Until last week my plan was allow "with" expressions for each property, just like method constraints. The "with" expressions are validated after setting the property. They would be executed in the object's context, thus with "this" pointing to the object. This approach looks simple and powerful, but unfortunately it is full of traps. One of the traps is making it possible for properties to depend on each other. Let's look at the following class:
class ThreeNumbers
 int a
  with a < b, a < c
 int b
  with a < b, b < c
 int c
  with a < c, b < c

 setAll(int newA, int newB, int newC)
  a = newA
  b = newB
  c = newC
end
Each property has two constraints which specify that at any given time the values must be a < b < c. The method setAll() is supposed to assign new values to the properties. So what's wrong with this? Let's look the following code:
 ThreeNumbers o(1, 5, 10)
 o.setAll(6, 7, 10) // error!
This does not work: in the method setAll()'s first line the value "6" is assigned to "a", which will fail because it violates the constraint "a < b" ("6 < 5"). It turns out that making properties depend on each other is not that simple, because it becomes really hard to update them.
There are several solutions for the problem of interdependent properties. One approach is that the property constraints are only validated when the method finished. Unfortunately that would mean that the class's code needs to be capable of handling properties that violate their constraints for a limited amount of time, and then constraints wouldn't be very useful anymore.
A second solution, the one that I favoured in the last year, was to introduce a special syntax that allows setting several properties simultanously and delay the checking of the constraints. This put a dent into Eek's complexity budget, but at least made them usable.
Unfortunately it wasn't the only problem. The next one is that in order to allow constraints to access properties in a natural way, the value must be assigned to the property and then the constraint expression can be executed. This will, again, allow the property value to violate the constraint for a short time. Maybe there are three expressions, and only the last one fails. Then two expressions are executed on an instance that has an invalid state. And if a constraint fails, the old value needs to be restored.
Things get even worse with accessor methods: return values of getter methods can not easily be constraint-checked if the constraints need to read the value themselves. An infinite recursion would be the result. The work-arounds made things so much more complex that I decided against constaint validation for reading properties, again reducing the usefulness of constraints.

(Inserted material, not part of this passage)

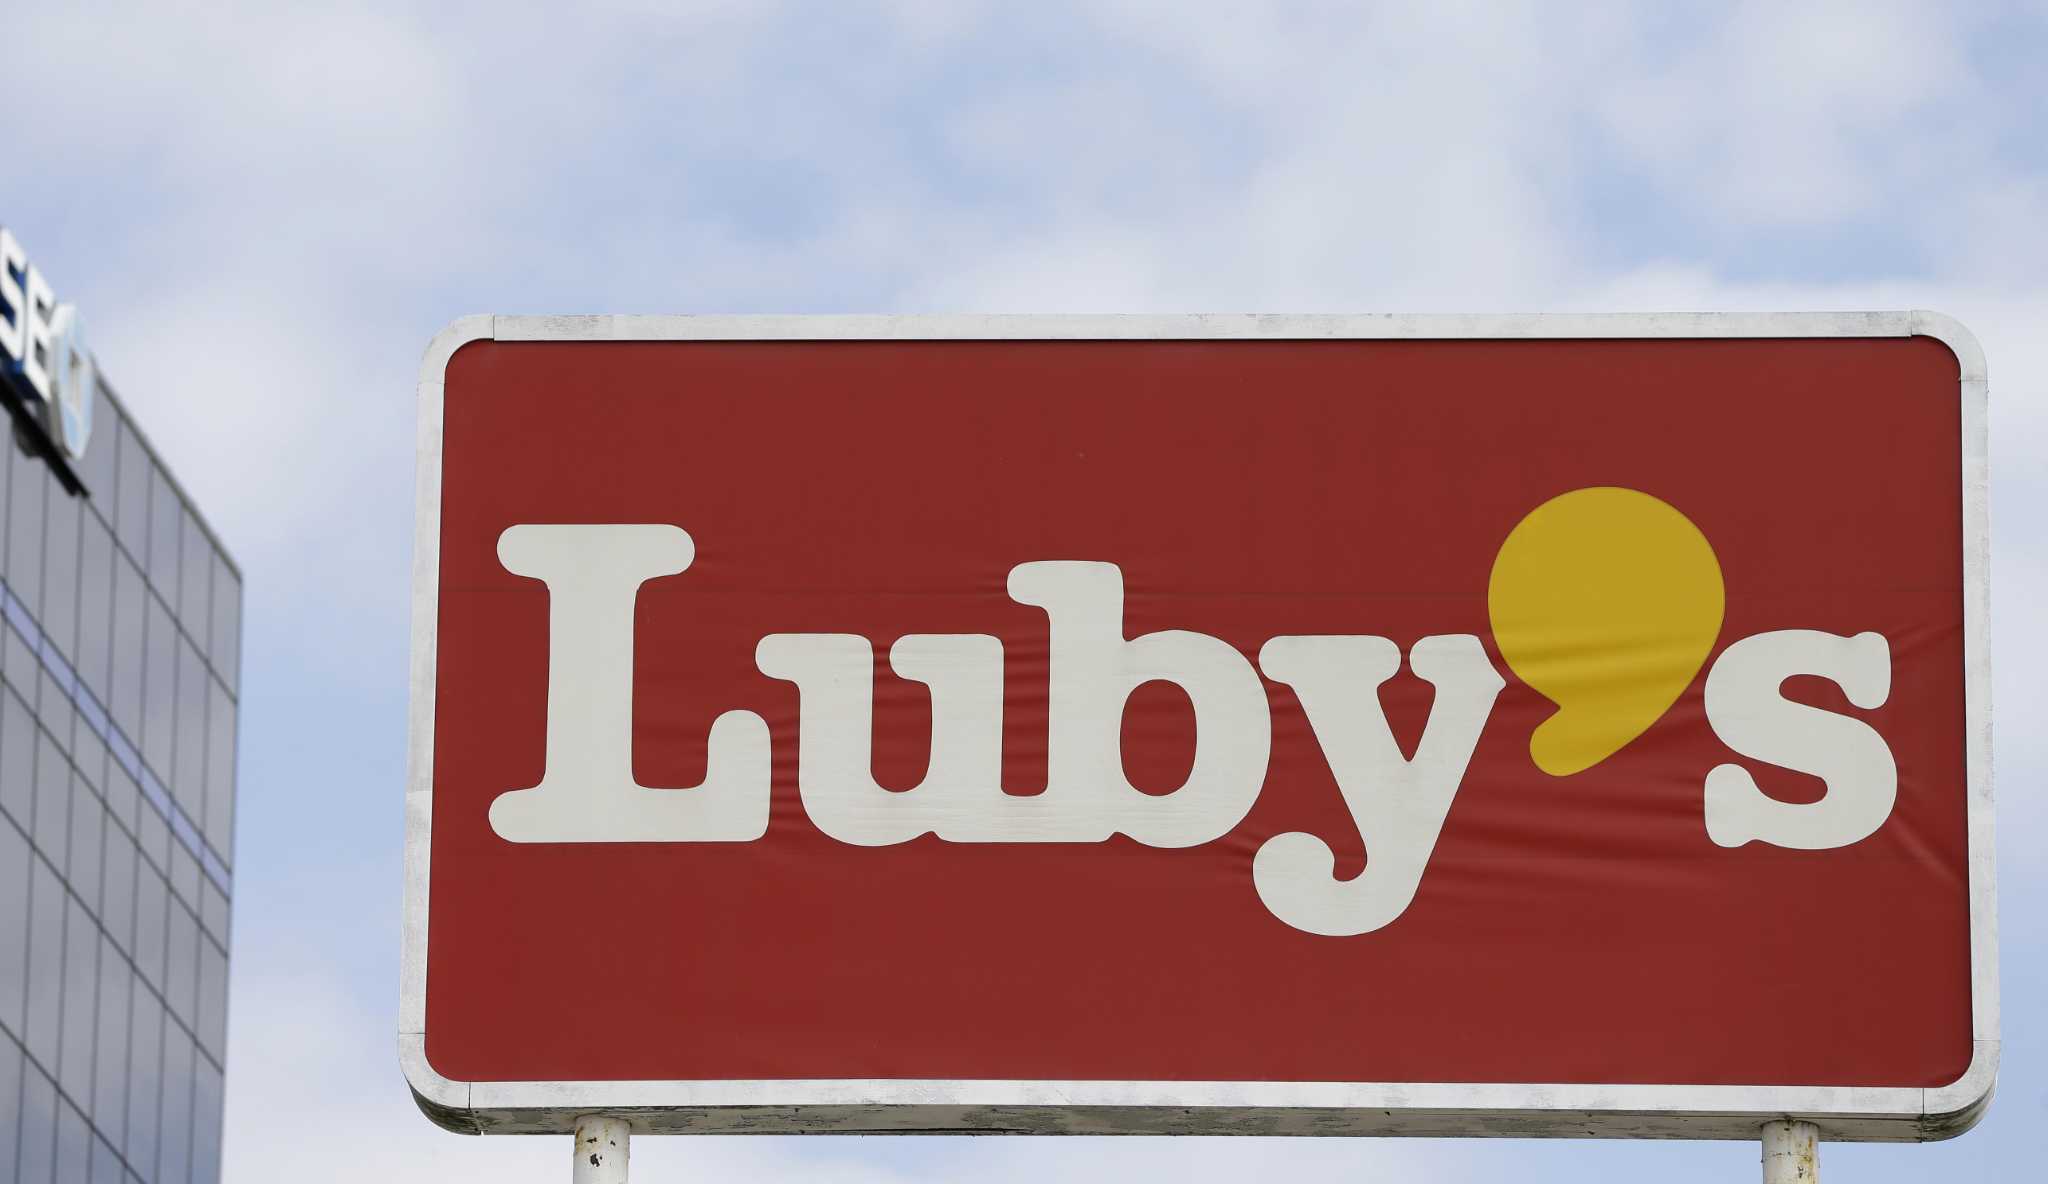 Luby’s closes restaurant sales, strikes new deal to sell real estate

So yesterday I rewrote property constraints in the specification and solved these problems by declaring the 'this' pointer to point to the constructor object (in Eek the constructor object is a singleton that contains the constructors and constants of a class). This will drastically reduce the functionality of constraints, because properties can not depend on each other anymore, but it also solves all the problems that I had until now. The constraint expression gets just a single argument, which has the name of the property, but the expression can not access any members of the object. Here's a example (which is kind of pointless, because it's hard to show what you can NOT do):
int age 
 with age >= 0
The property constraint is executed before the new value is assigned to the property (or the settor method id executed), as well as after reading the value (or invoking the gettor method). Thus it is always guaranteed that the property contains and returns a valid value (it is possible that you set a valid value to a property, and by the time you read it the property became invalid - this may happen when you use an external value in the constraint, such as a value that's provided by a singleton).
An alternative syntax that I originally considered was to call the new value in the constraint expression 'it', like the special variable that I use in anonymous closures. I am not sure whether that may be a good idea: it would makes it more obvious that you can not access the object's members, but it also feels more awkward. Anyway, I am quite happy with the new solution. Getting rid of 'this' makes property constraints so much simpler and less error prone. The new solution also allow an important optimization compared to the old one, because now constraints can be used as a guarantee for a restricted value range, but that may be the topic of a future blog entry..



Mix-ins
Several months ago I promised to write about Eek's mix-in implementation as soon as I have it in the specification. Well, I did finish the specification part, but was never in the right mood to blog about it. The reason for this is that Eek's mixins are actually quite boring. I just renamed interfaces to mixins and gave them the same syntax and capabilities that regular Eek classes have. Like Java interfaces they can still be used as reference types. This, and allowing mix-ins to have non-virtual properties, makes them quite different from many other mix-in (traits etc) implementations, but I think it's the simplest and most powerful way to implement them in a statically typed language. I thought about many other options, like making 'virtual' default for all mixin members (in classes the default is non-virtual) and so on, but eventually I came to the conclusion that consistency is more important than syntactic sugar.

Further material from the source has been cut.